Since the first G-CSF producing tumor in lung cancer was reported by Asano et al (7) in 1977, about 40 cases have been reported. Yoshihara et al (8) reported the histological types of G-CSF-producing lung cancers and their percentages to be as follows; large cell carcinoma 62%, squamous cell carcinoma 28%, small cell carcinoma 5%, and adenocarcinoma 5%. However, although Kasuga et al also (9) mentioned that G-CSF producing tumors were recognized in large cell carcinomas, they also found them in poorly differentiated non-small cell carcinomas. The lack of differentiation appears to be related to the production of G-CSF. In the present case, the final diagnosis of moderately differentiated squamous cell carcinoma differed from previous reports. Whereas G-CSF-producing tumors originating from other organs such as the stomach or pancreas have been found in moderately or well-differentiated carcinomas (10, 11), it is unknown why, until now, this has not been the case with lung cancer. Regarding the prognosis in cases of G-CSF-producing tumors, Yoshihara et al (8) observed that G-CSF-producing tumors progress rapidly and that the prognosis is poor. These findings were compatible with the present case; no treatment was effective and he died within four months after the detection of lung cancer.

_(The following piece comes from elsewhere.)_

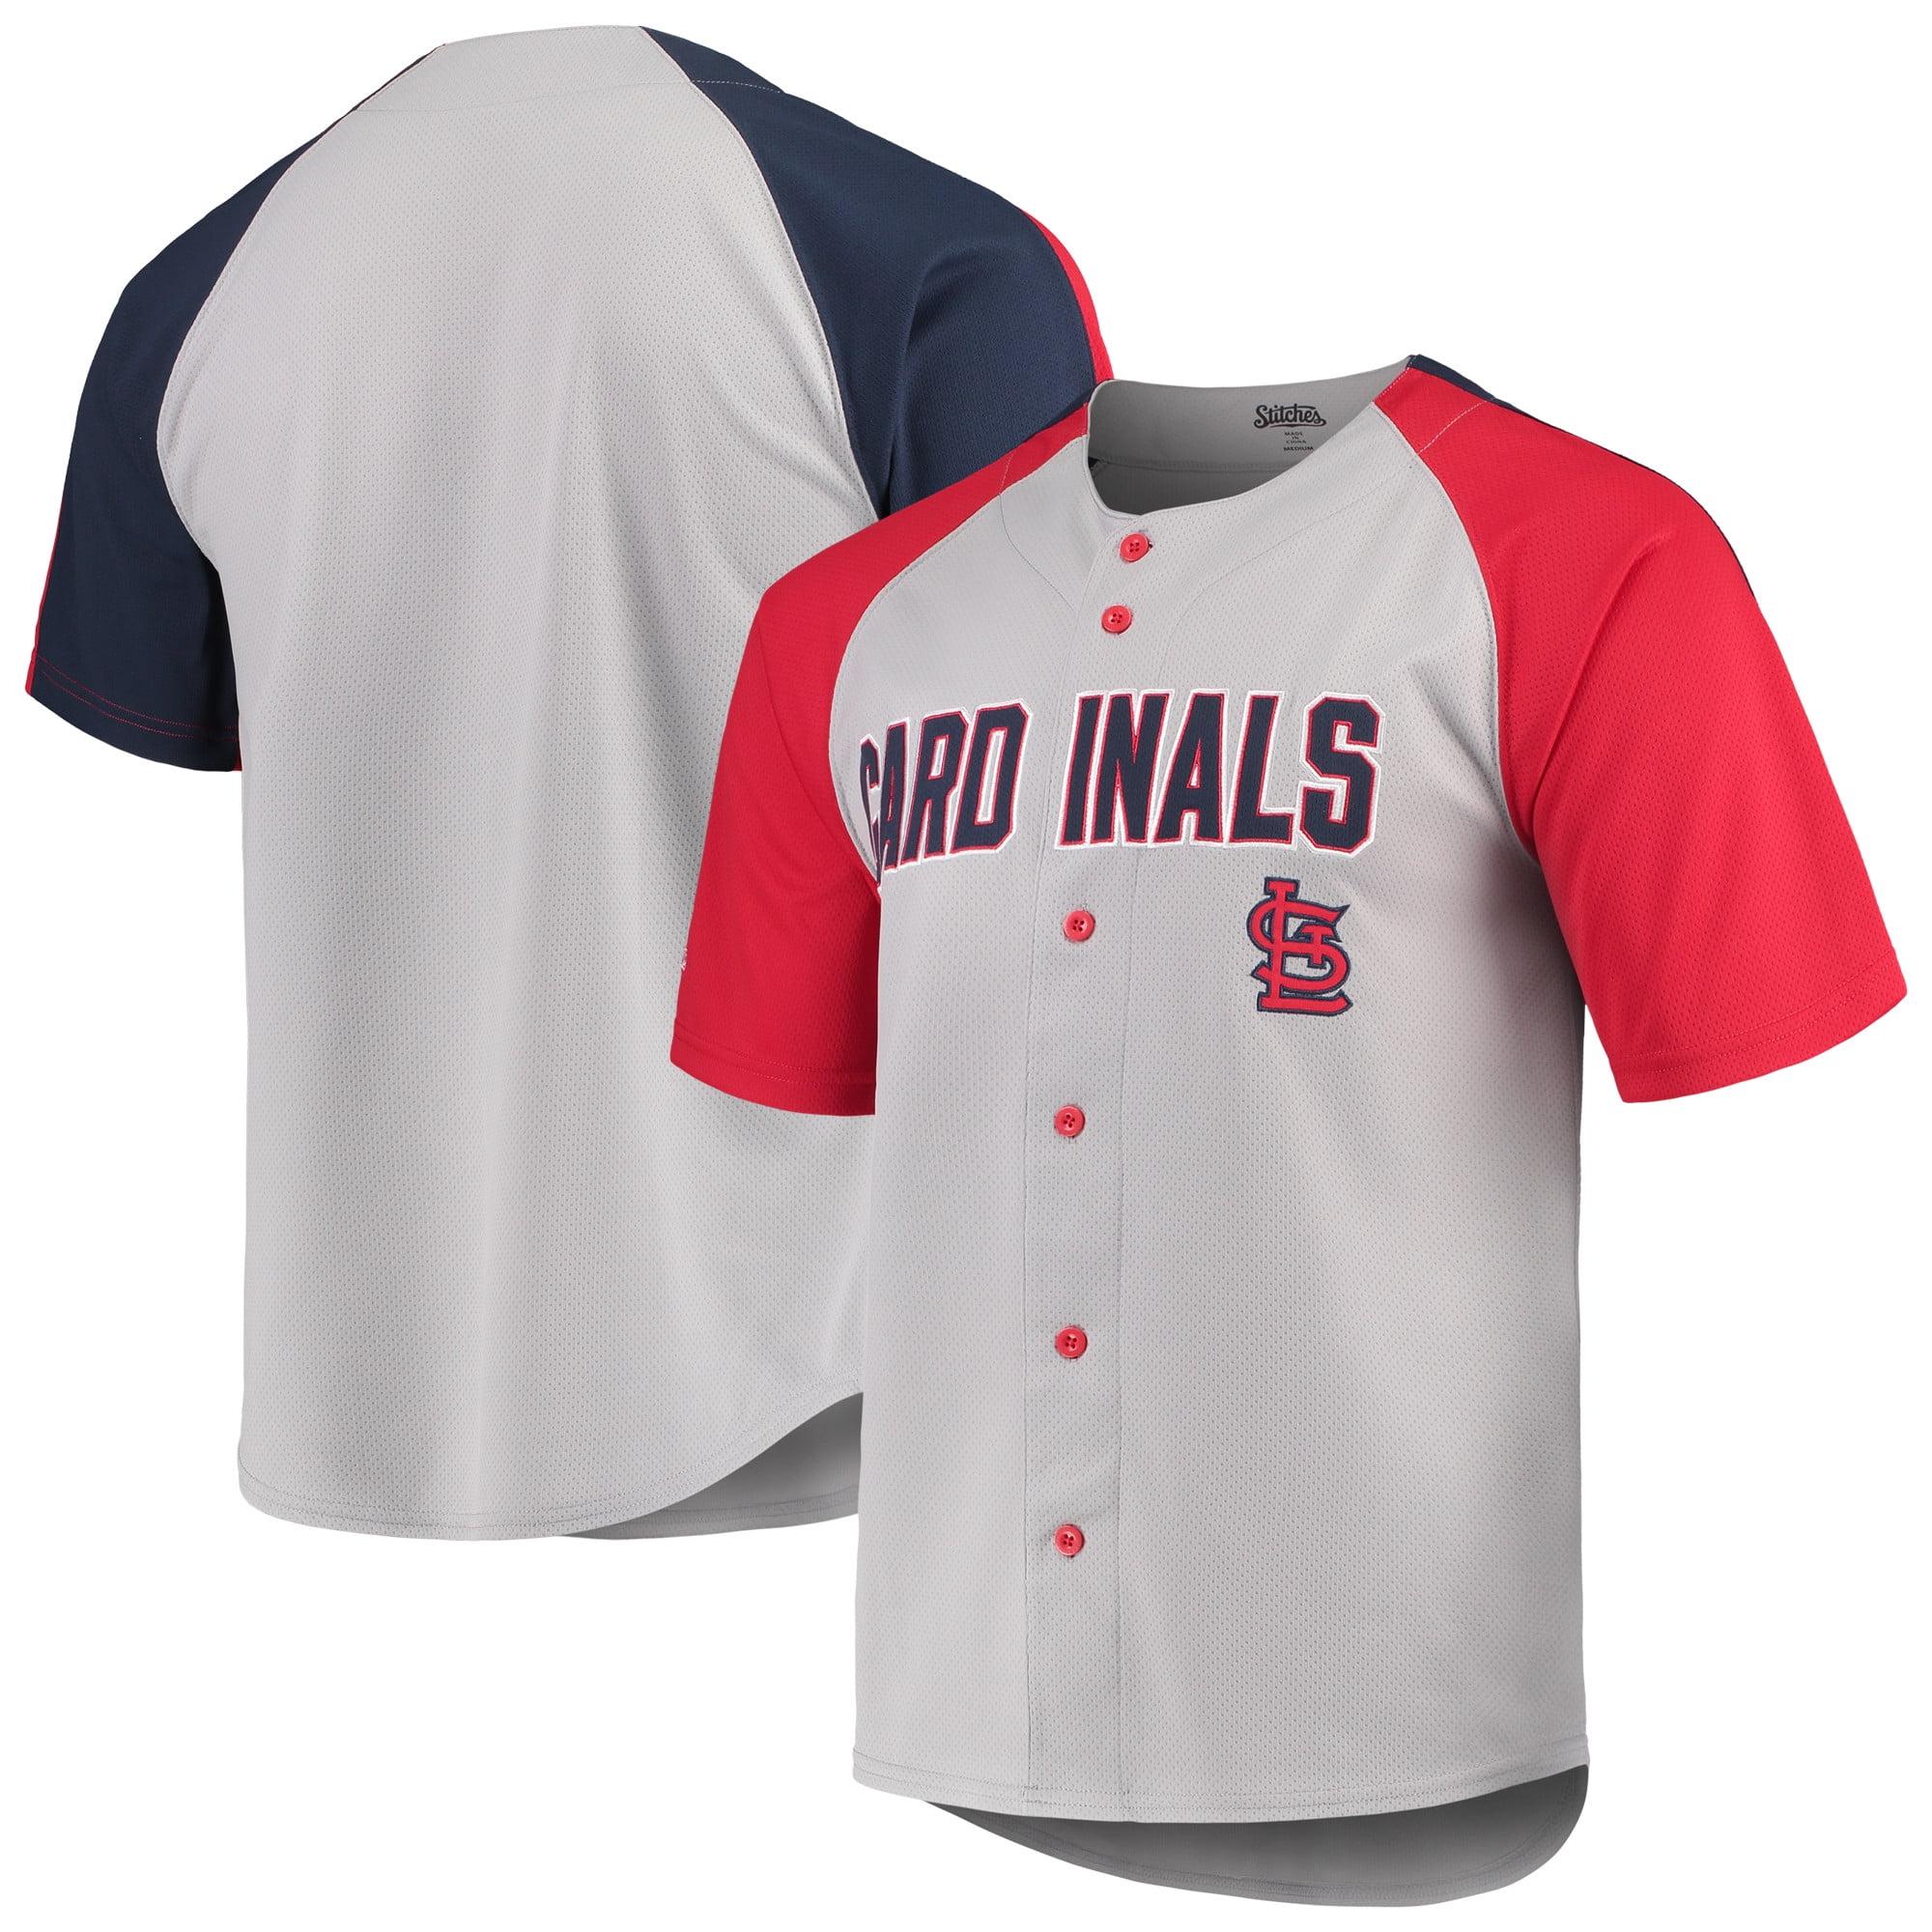 St. Louis Cardinals Stitches Lightweight Mesh Jersey - Gray/Red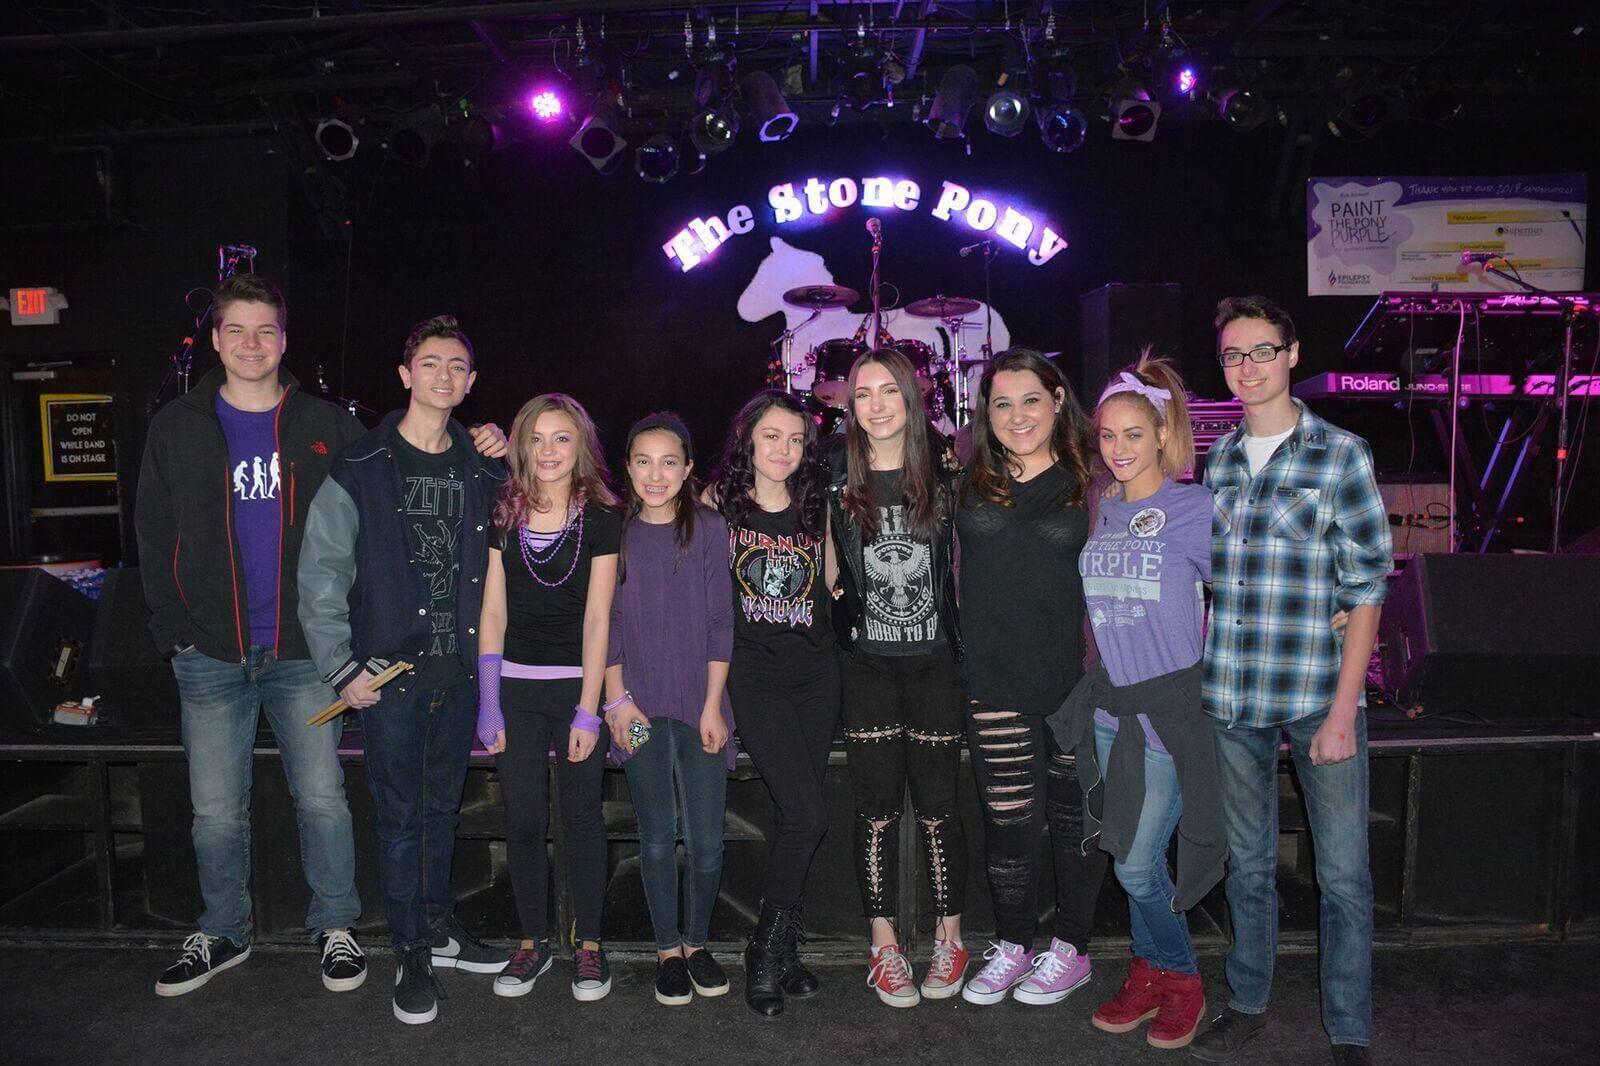 Marlboro School of Rock Future All Star Band at The Stone Pony

In conclusion, we reported an interesting case of a spreading of tumor which needed to be distinguished from malignant pleural mesothelioma. Although initially the histological diagnosis had been moderately differentiated squamous cell carcinoma, the marked leukocytosis exhibited by the patient, as well as an elevated G-CSF level of 135 pg/ml, led us to a final diagnosis of G-CSF-producing tumor.